Clóvis de Oliveira

Personal information
- Full name: Clóvis Alberto de Oliveira
- Date of birth: 22 October 1954 (age 71)
- Place of birth: Duque de Caxias, Brazil

Managerial career
- Years: Team
- 1991: Friburguense
- 1992: Trinidad and Tobago
- 1995–1996: Tanzania
- 1999: Jamaica U17
- 2000–2001: Jamaica
- 2004: Brazil Women (assistant)
- 2009: America-RJ
- 2016: America-RJ
- 2022–2023: Chapelton Maroons

= Clóvis de Oliveira =

Brazilian football manager

Clóvis Alberto de Oliveira (born 22 October 1954) is a Brazilian football manager, currently in charge of Jamaican club Chapelton Maroons.

==Coaching career==
Having managed the Trinidad and Tobago and Tanzania national teams, Clovis de Oliveira was managing in Saudi Arabia when he was offered the chance to take the Jamaica U17 to the 1999 FIFA U-17 World Championship by friend and compatriot, René Simões.
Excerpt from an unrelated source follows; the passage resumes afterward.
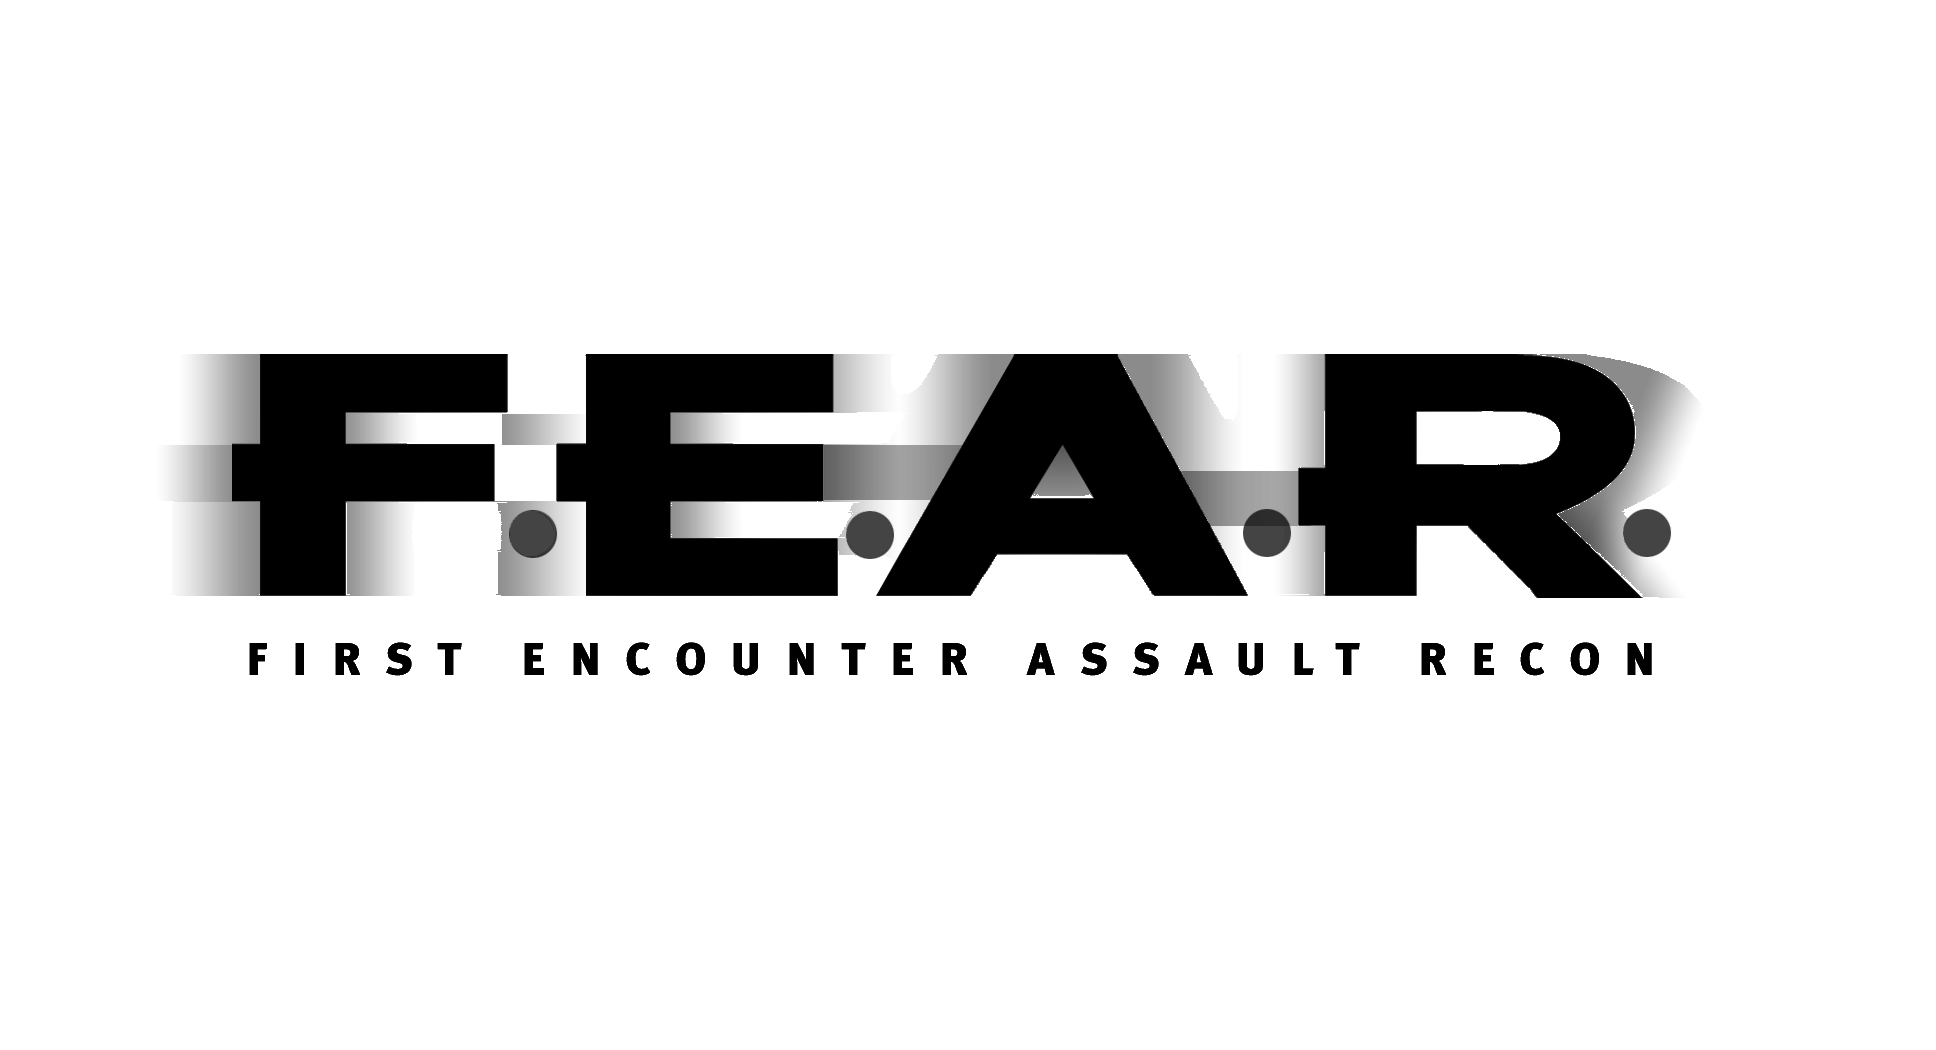 F.E.A.R. Returns, Monolith Does Not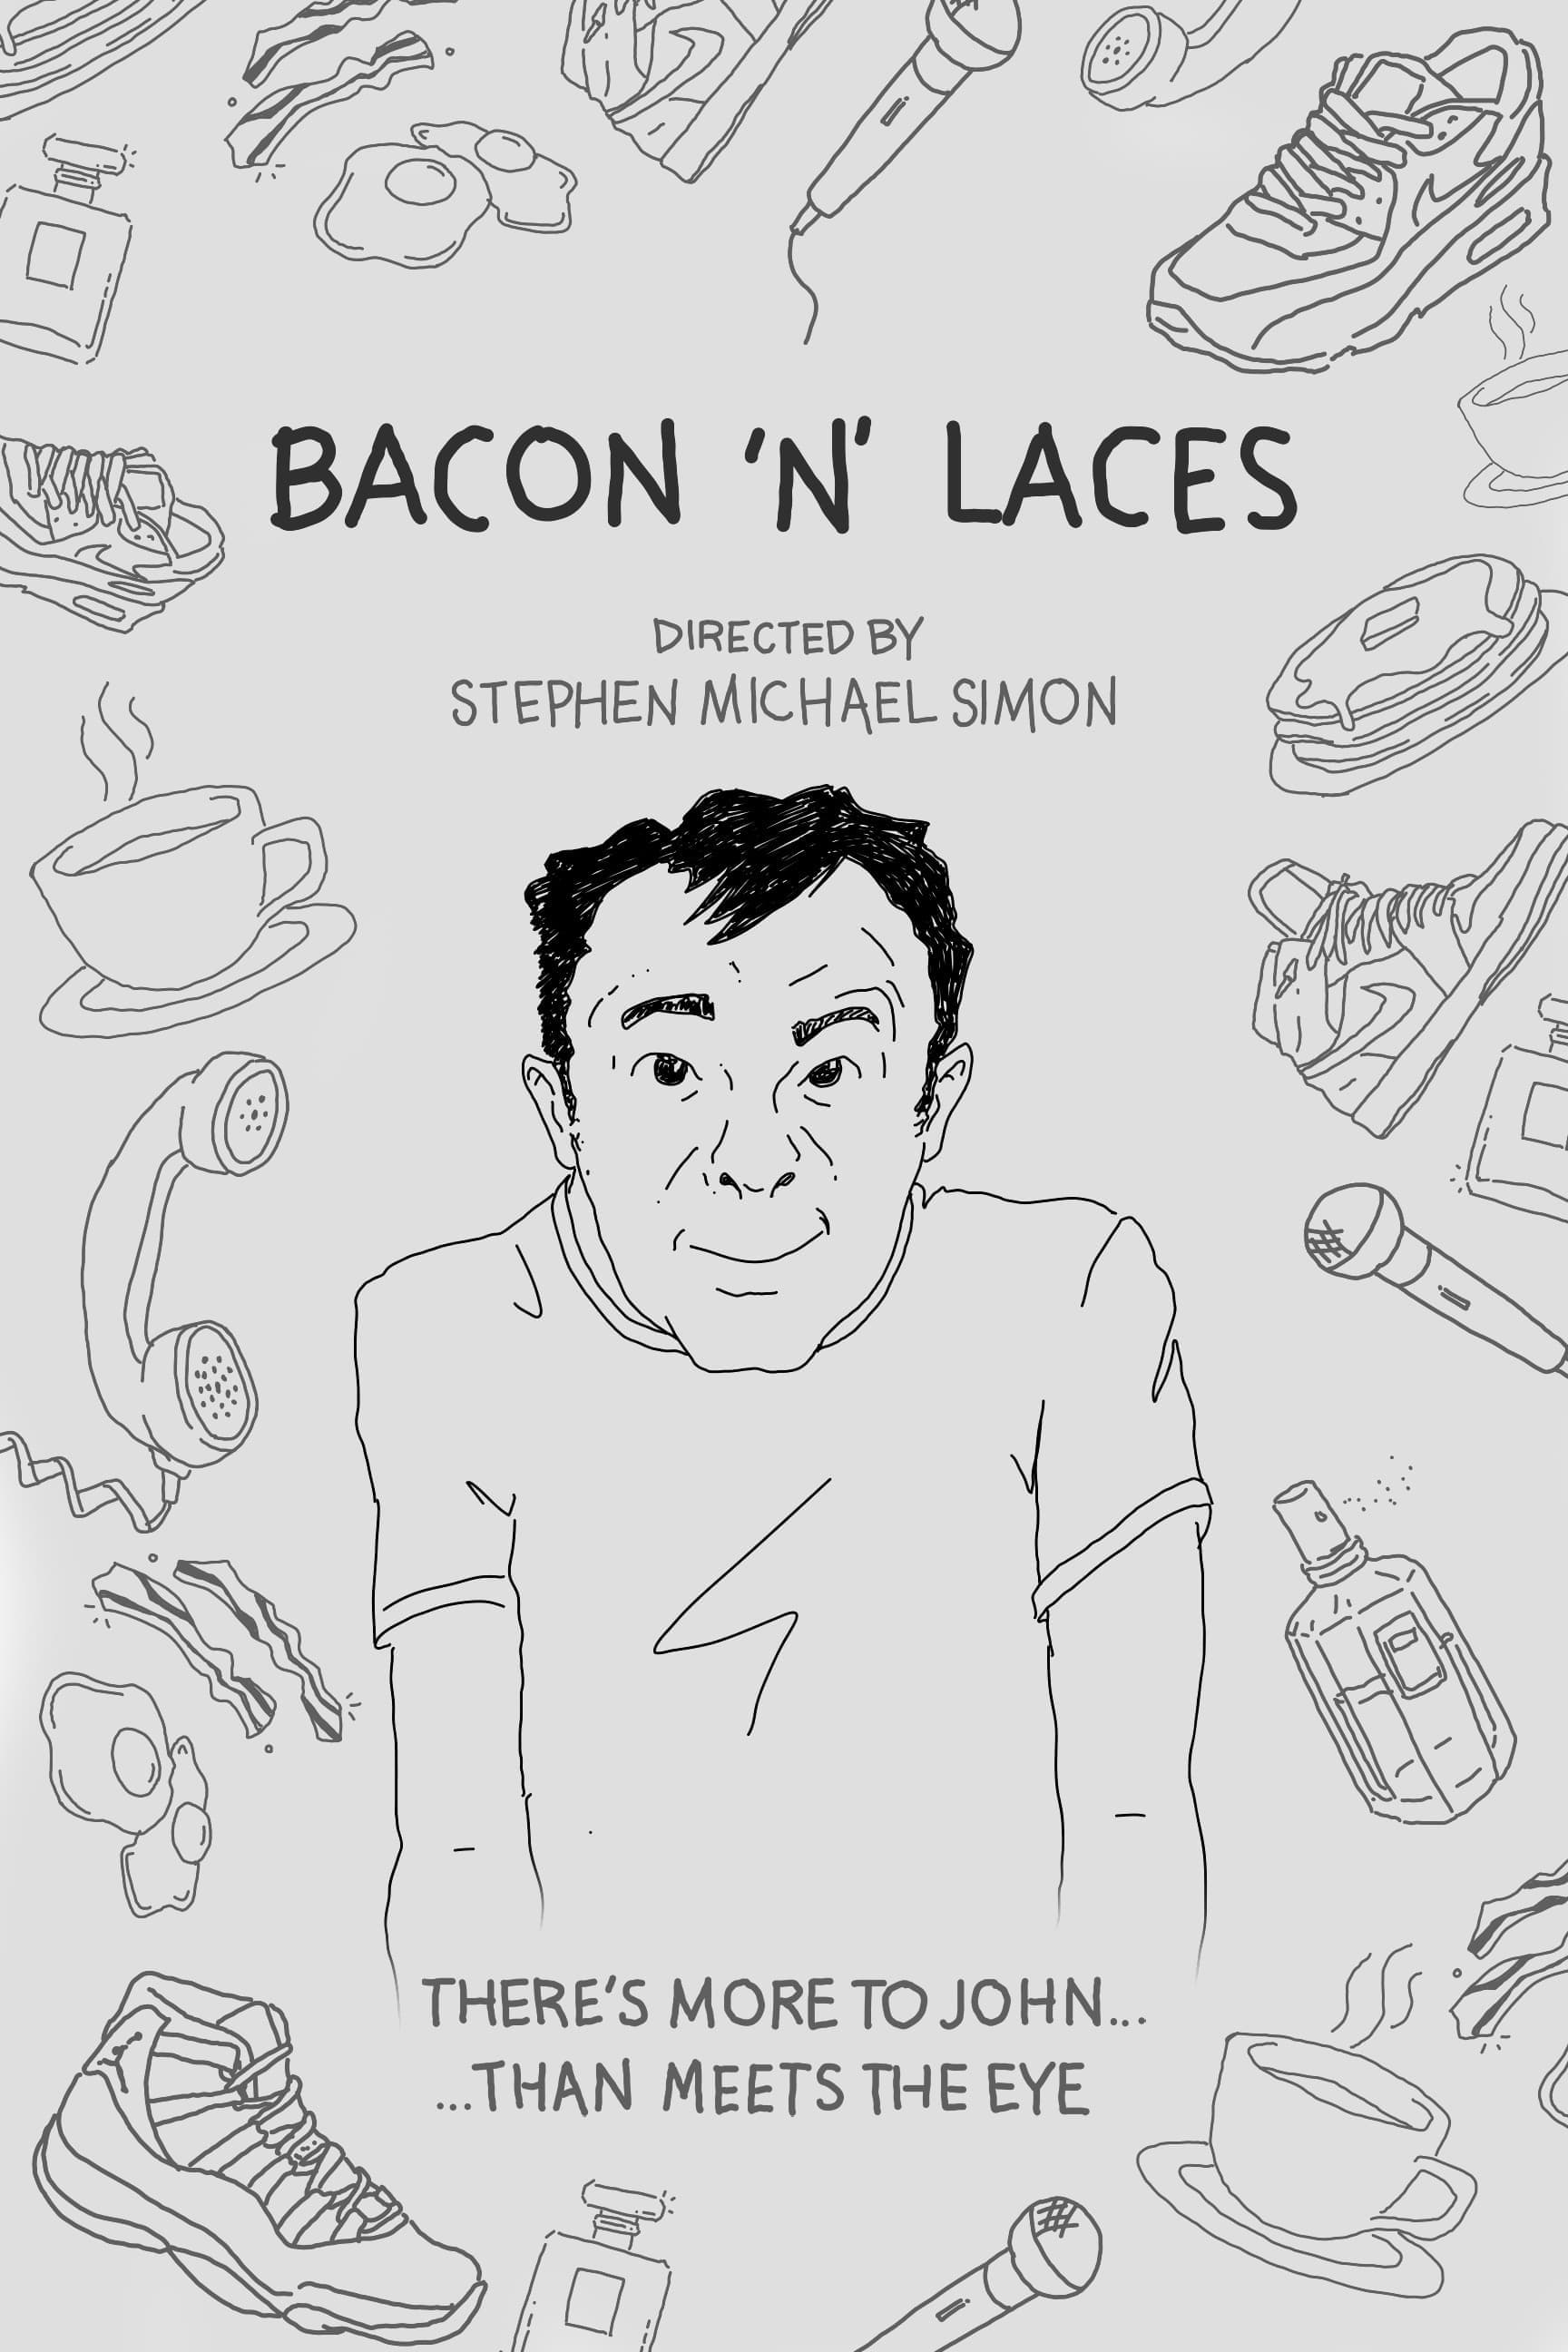 Bacon 'N' Laces

He went on to manage the Jamaica national team for the following two years.

Following his departure in 2001, he went on to work as assistant coach to René Simões with the Brazil women's national team at the 2004 Summer Olympics.

In 2009, he was appointed manager of America-RJ, and went on to record 21 wins in 31 games. He managed Friburguense before returning to America-RJ in 2016.

He has also managed in the United Arab Emirates and Oman.